Death games: Fetus shot in head in utero
The doctor, David Nott, said that he began noticing the phenomenon after identifying certain trends in the victims he was treating: "One day we'd have pregnant women being brought in with gunshot wounds to the uterus. Not just one or two, but seven or eight, which meant to me they (the snipers) must be targeting pregnant women.
"And the following day, we would get people coming in with chest wounds to the right side of the chest. The next day it would be the left side and no other injuries. Then it would be groin… so it seemed to me that there was a death game going on with the snipers," Dr. Nott said.
Nott is convinced the snipers are playing with their victims, specifically with the attempt of wounding them:
"Most of the victims are woman and children. I've seen very few fighters since I've been here. There are gunshot wounds to the groin, chest and abdomen but very few wounds to the head, so it means sometimes the snipers are out there to wound and hurt people rather than to kill them outright."

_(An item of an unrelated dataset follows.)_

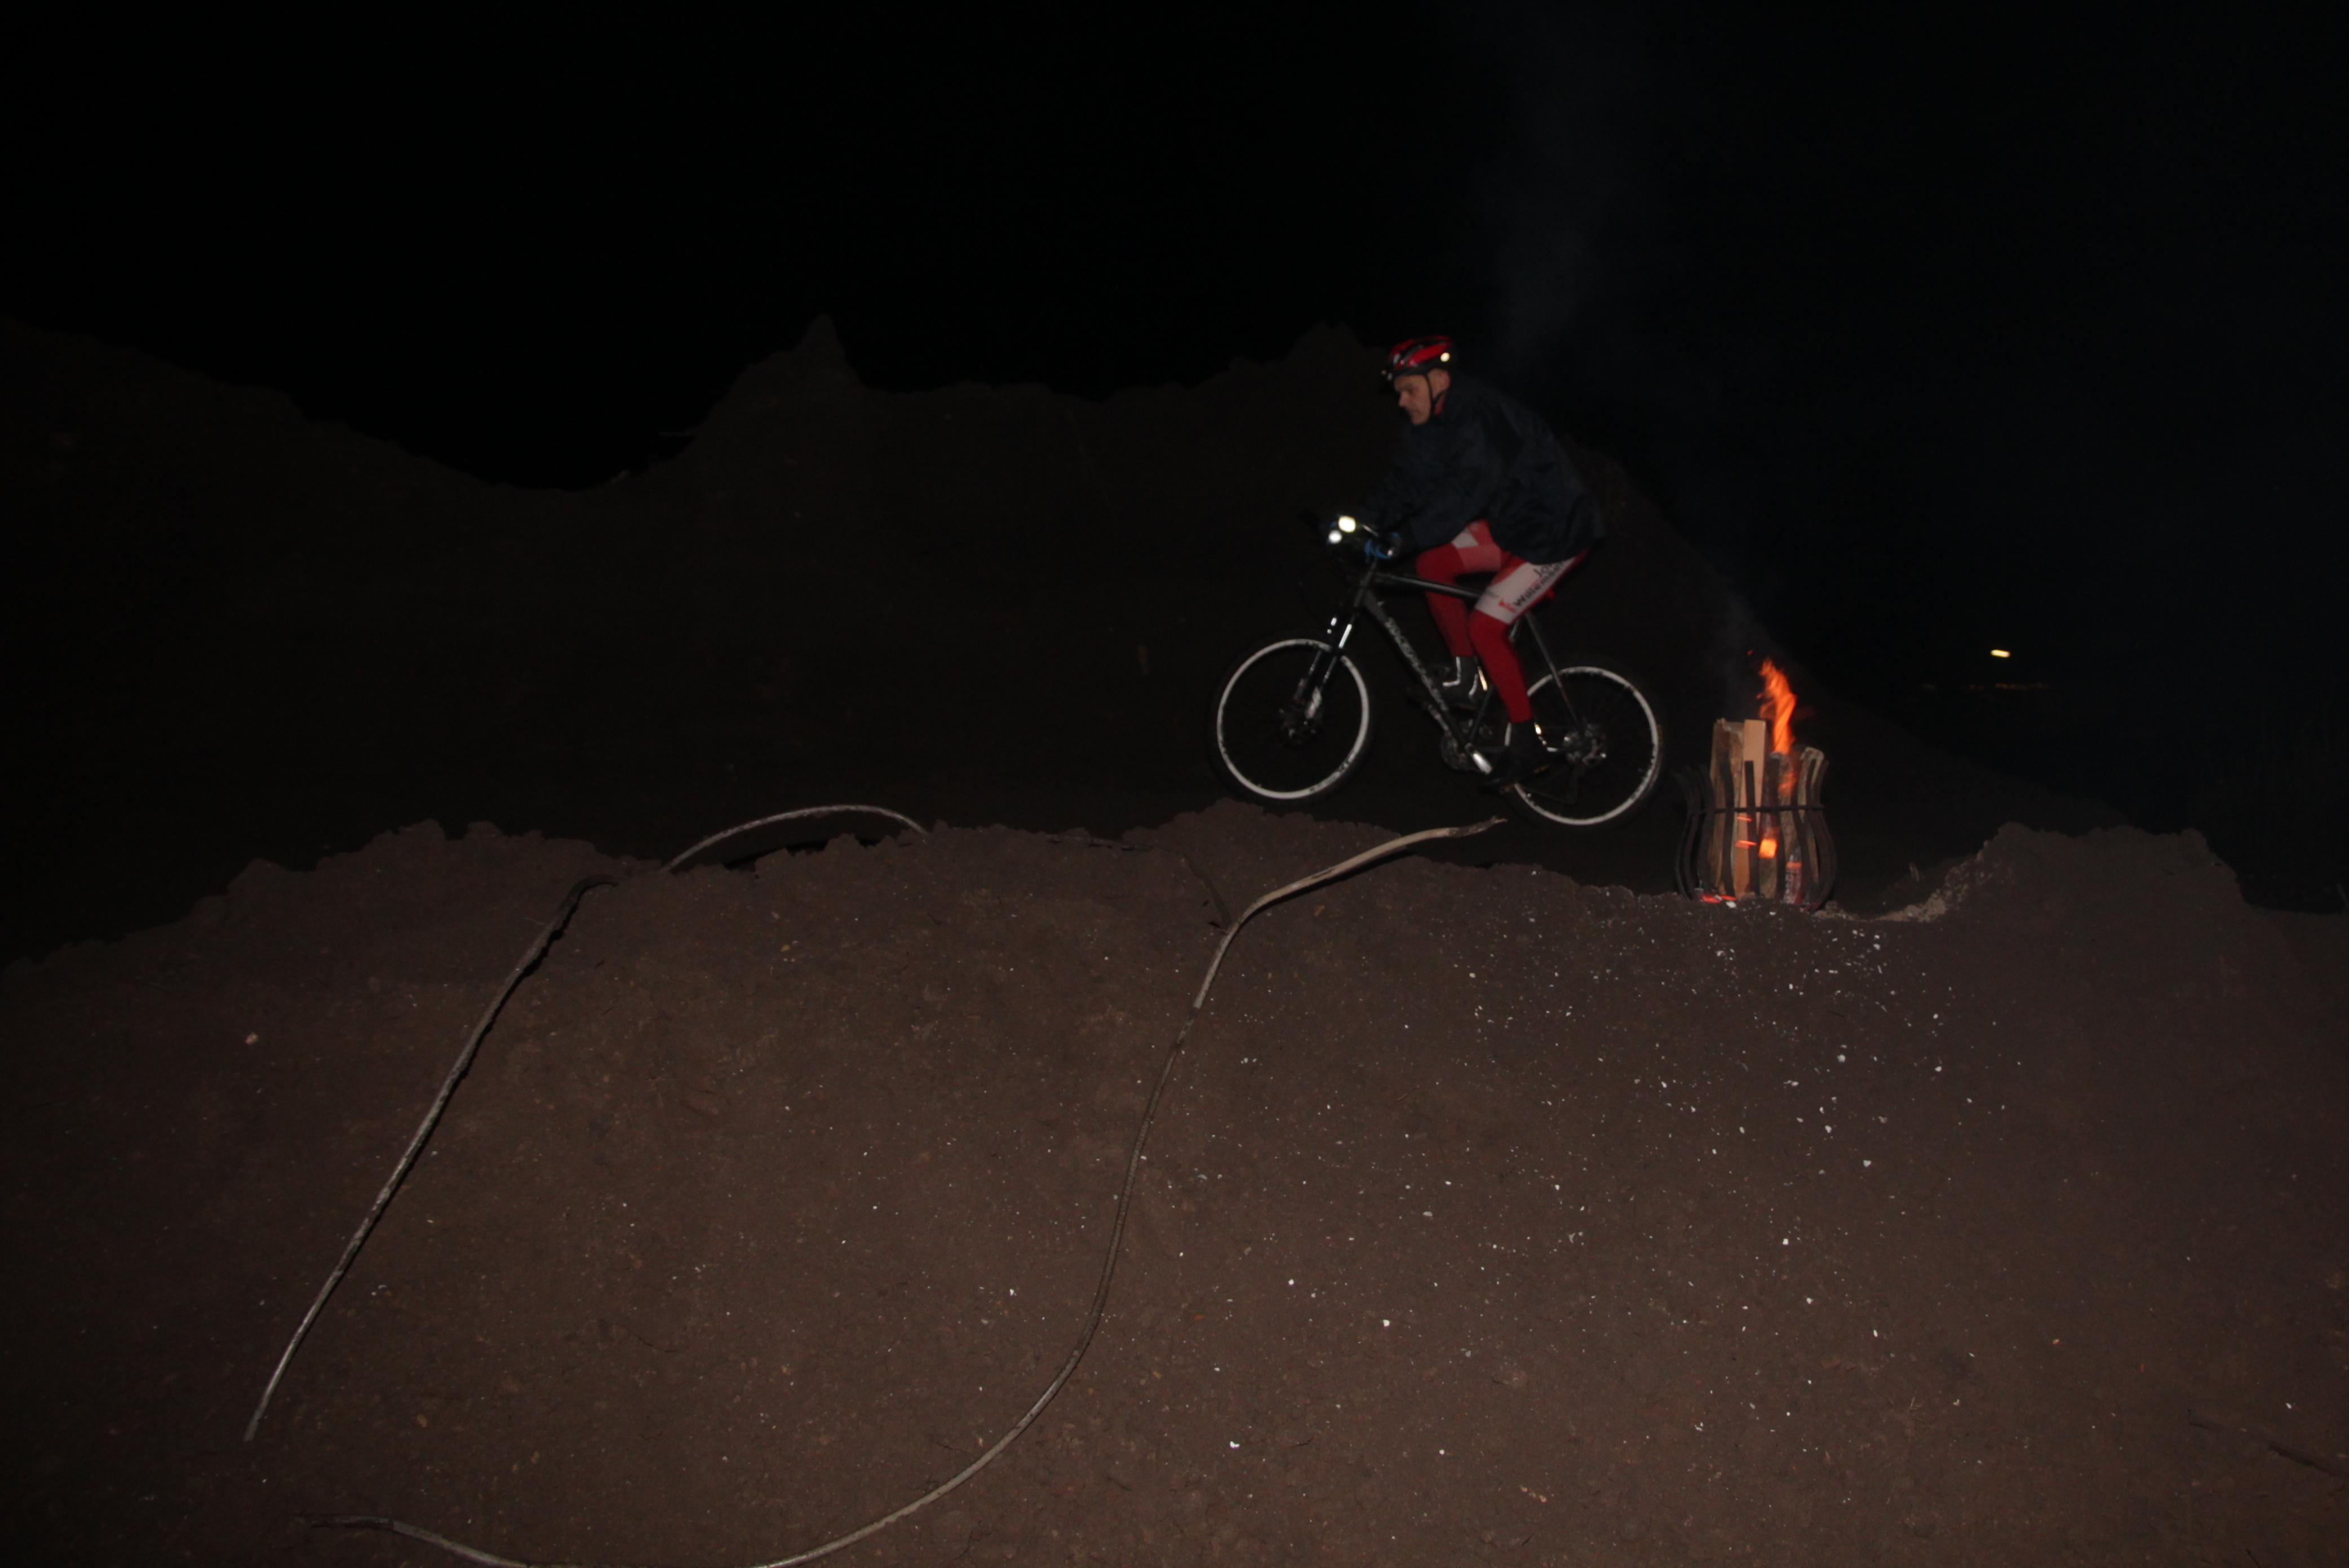 Nightbike-Méél-by-Night.-2017-43

According to the Daily Mail, as part of the sniper games, snipers receive a cigarette for every such hit.
"It's pitiful because we receive cases of pregnant ladies who are shot in the uterus and removing dead babies from the uterus is a very unpleasant experience," Nott told ITV.

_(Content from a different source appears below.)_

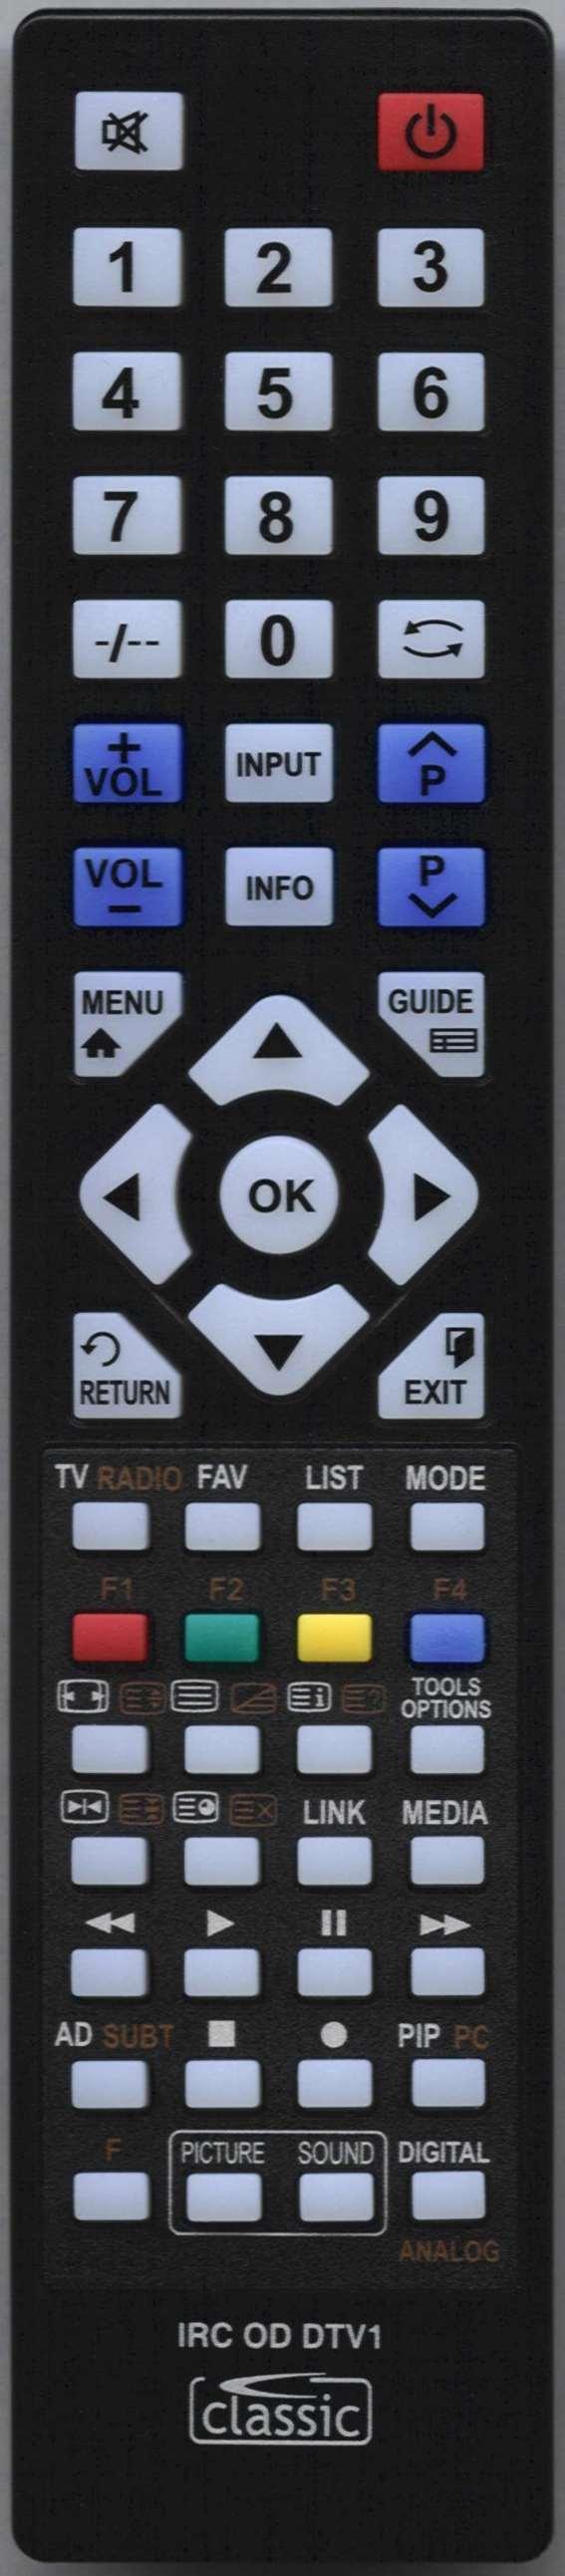 VIDEOCON V2422LEFD Remote Control

Meanwhile, in a strongly-worded statement, US State Department spokesperson Jen Psaki condemned the regime's continued siege of Ghouta and other Damascus suburbs, such as Mouadimiya, citing attacks on humanitarian aid convoys.
There were now "unprecedented reports of children dying of malnutrition-related causes in areas that are only a few miles from Bashar Assad's palace in Damascus," Psaki said.

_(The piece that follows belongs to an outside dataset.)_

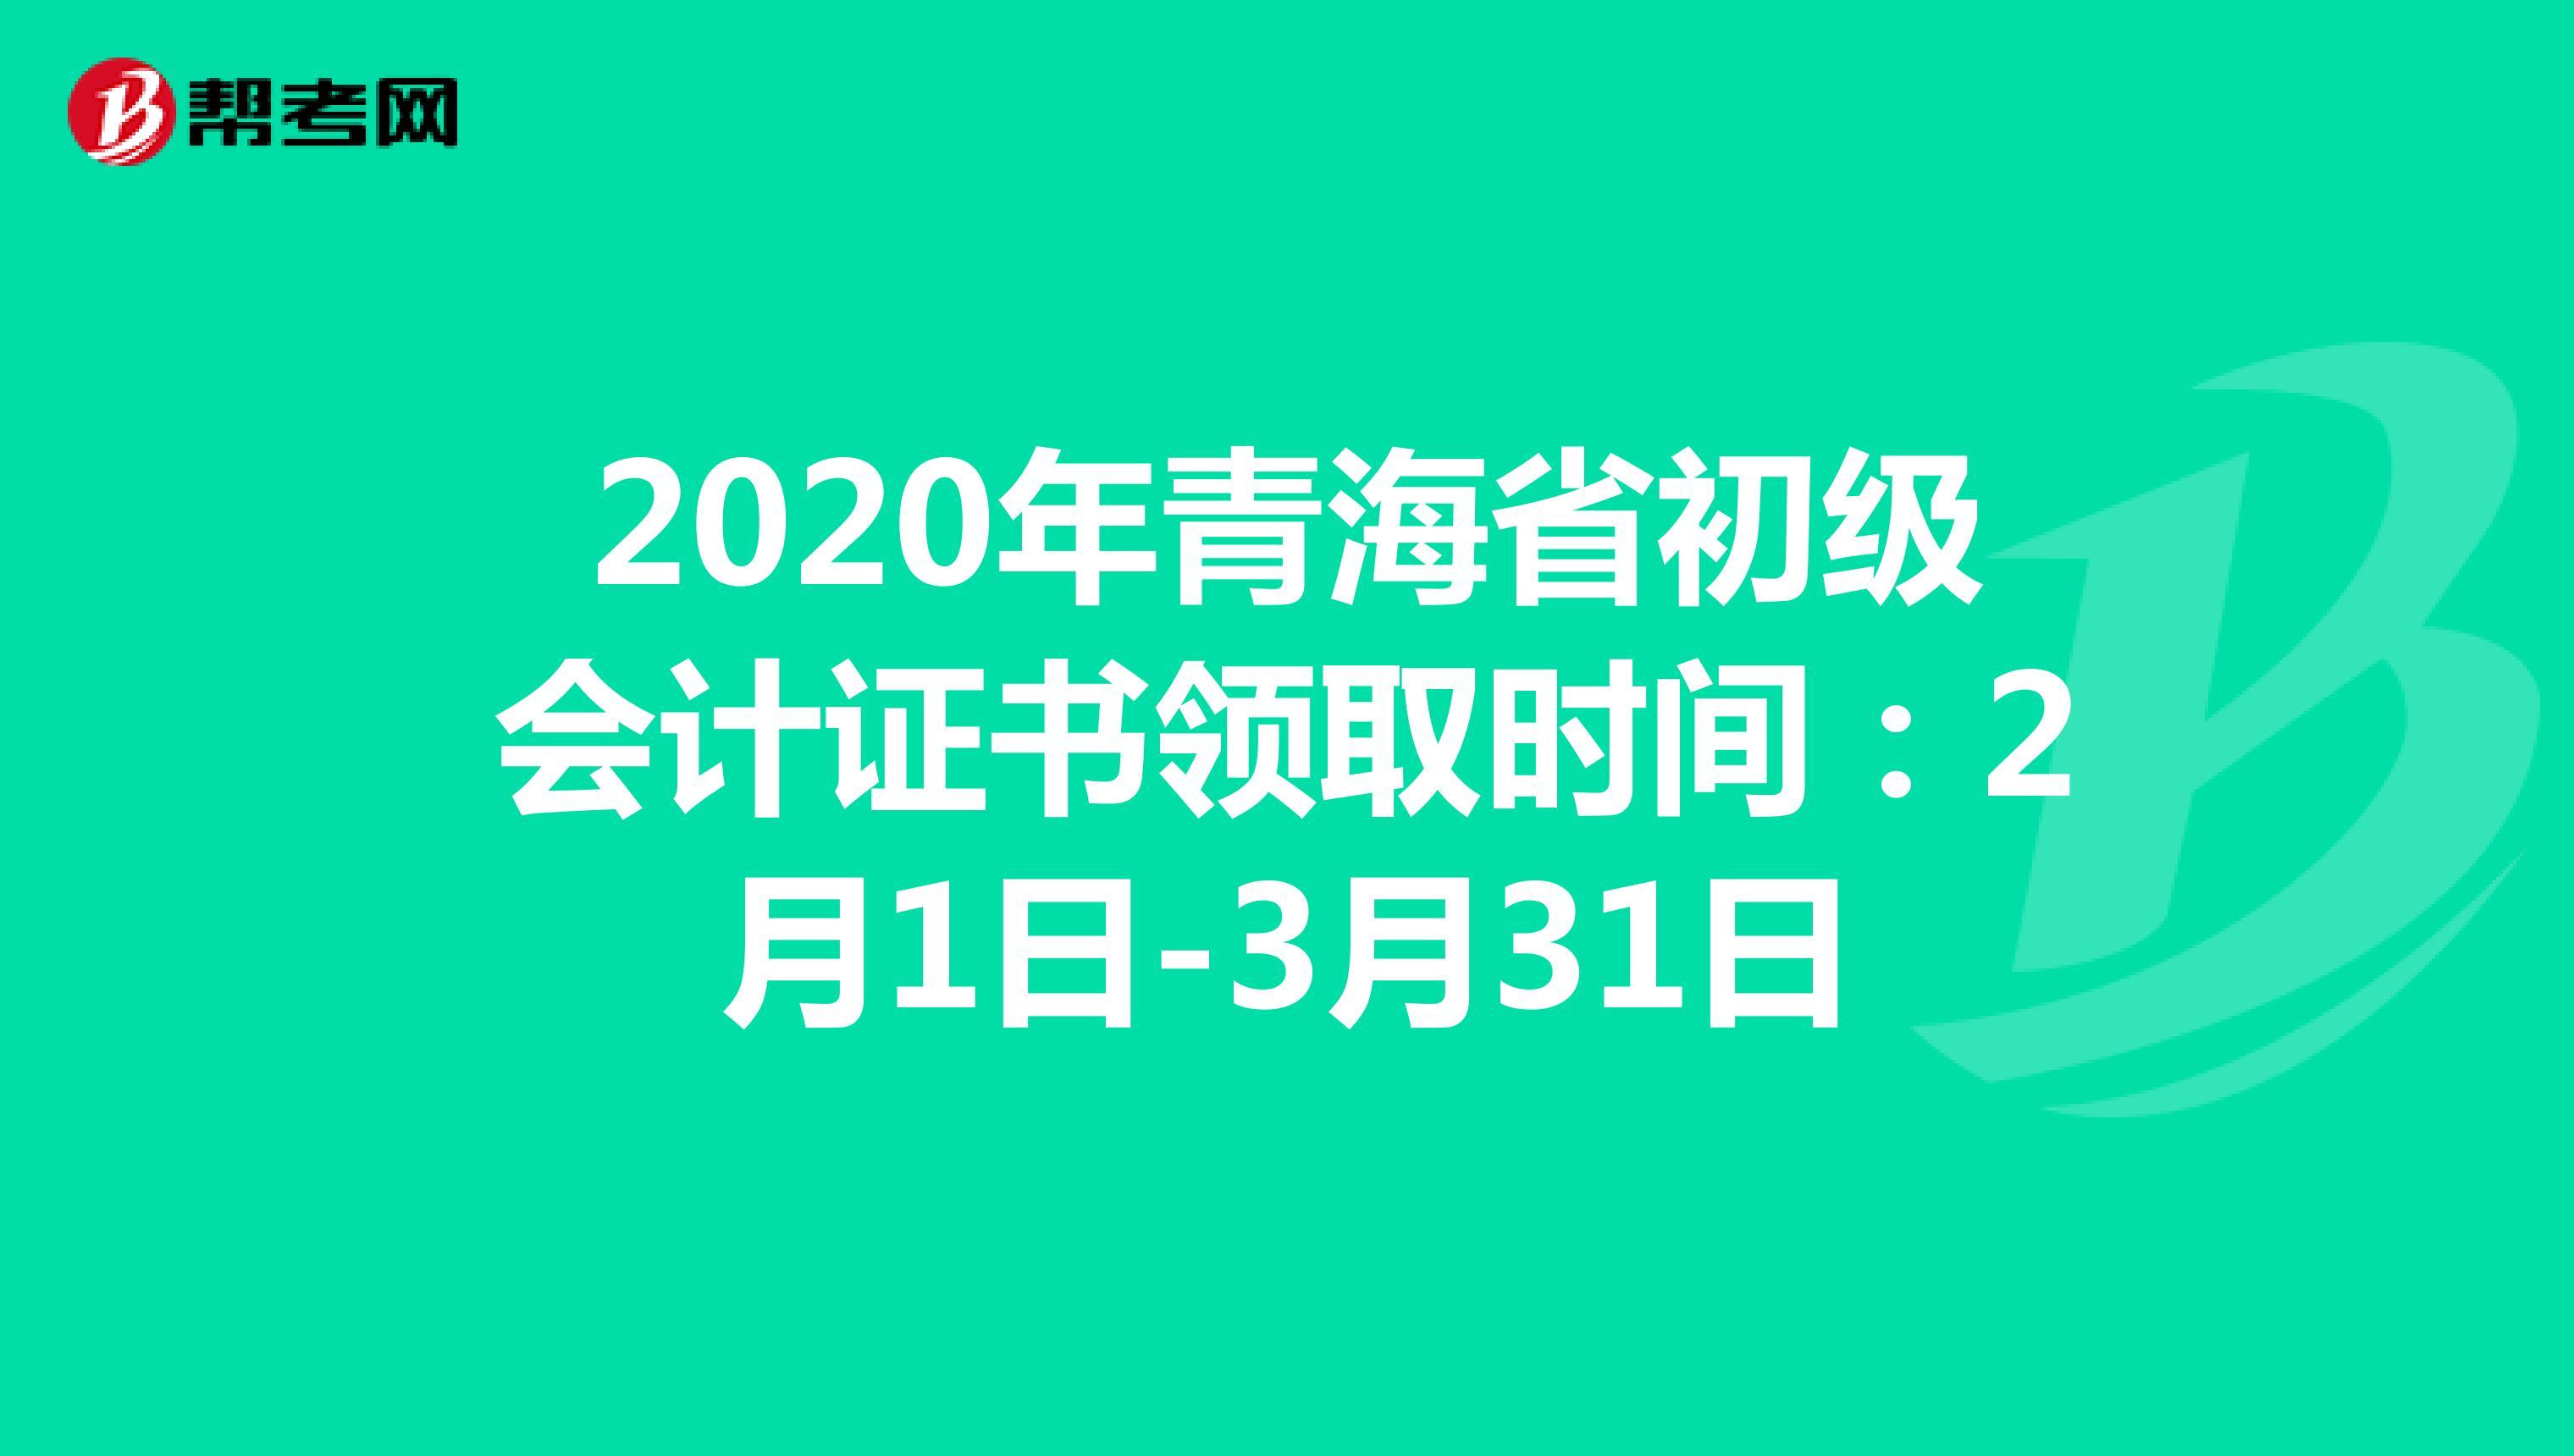 2020年青海省初级会计证书领取时间:2月1日-3月31日

She added that the "people of Mouadimiya have been without basic necessities for nearly a year, and the regime's deliberate prevention of the delivery of lifesaving humanitarian supplies to thousands of civilians is unconscionable."
"We call on the Syrian regime to immediately approve relief convoys into these areas," the spokesperson said.
Psaki also warned the Assad regime against using limited evacuations of some civilians as "an excuse to attack those residents who remain behind. Those who are responsible for atrocities in the Damascus suburbs and across Syria must be identified and held accountable," she said.
Saturday, at least 16 soldiers were killed in a car bomb attack and fighting that followed between Syrian government forces and Islamist rebels near, a monitoring group said.
The bombing, carried out by a suicide bomber from the al-Qaeda-linked Al-Nusra Front, triggered heavy fighting at a key checkpoint between the rebel-held town of Mleha and Jaramana, a pro-regime area populated by Christians and Muslim Druze, said the Syrian Observatory for Human Rights.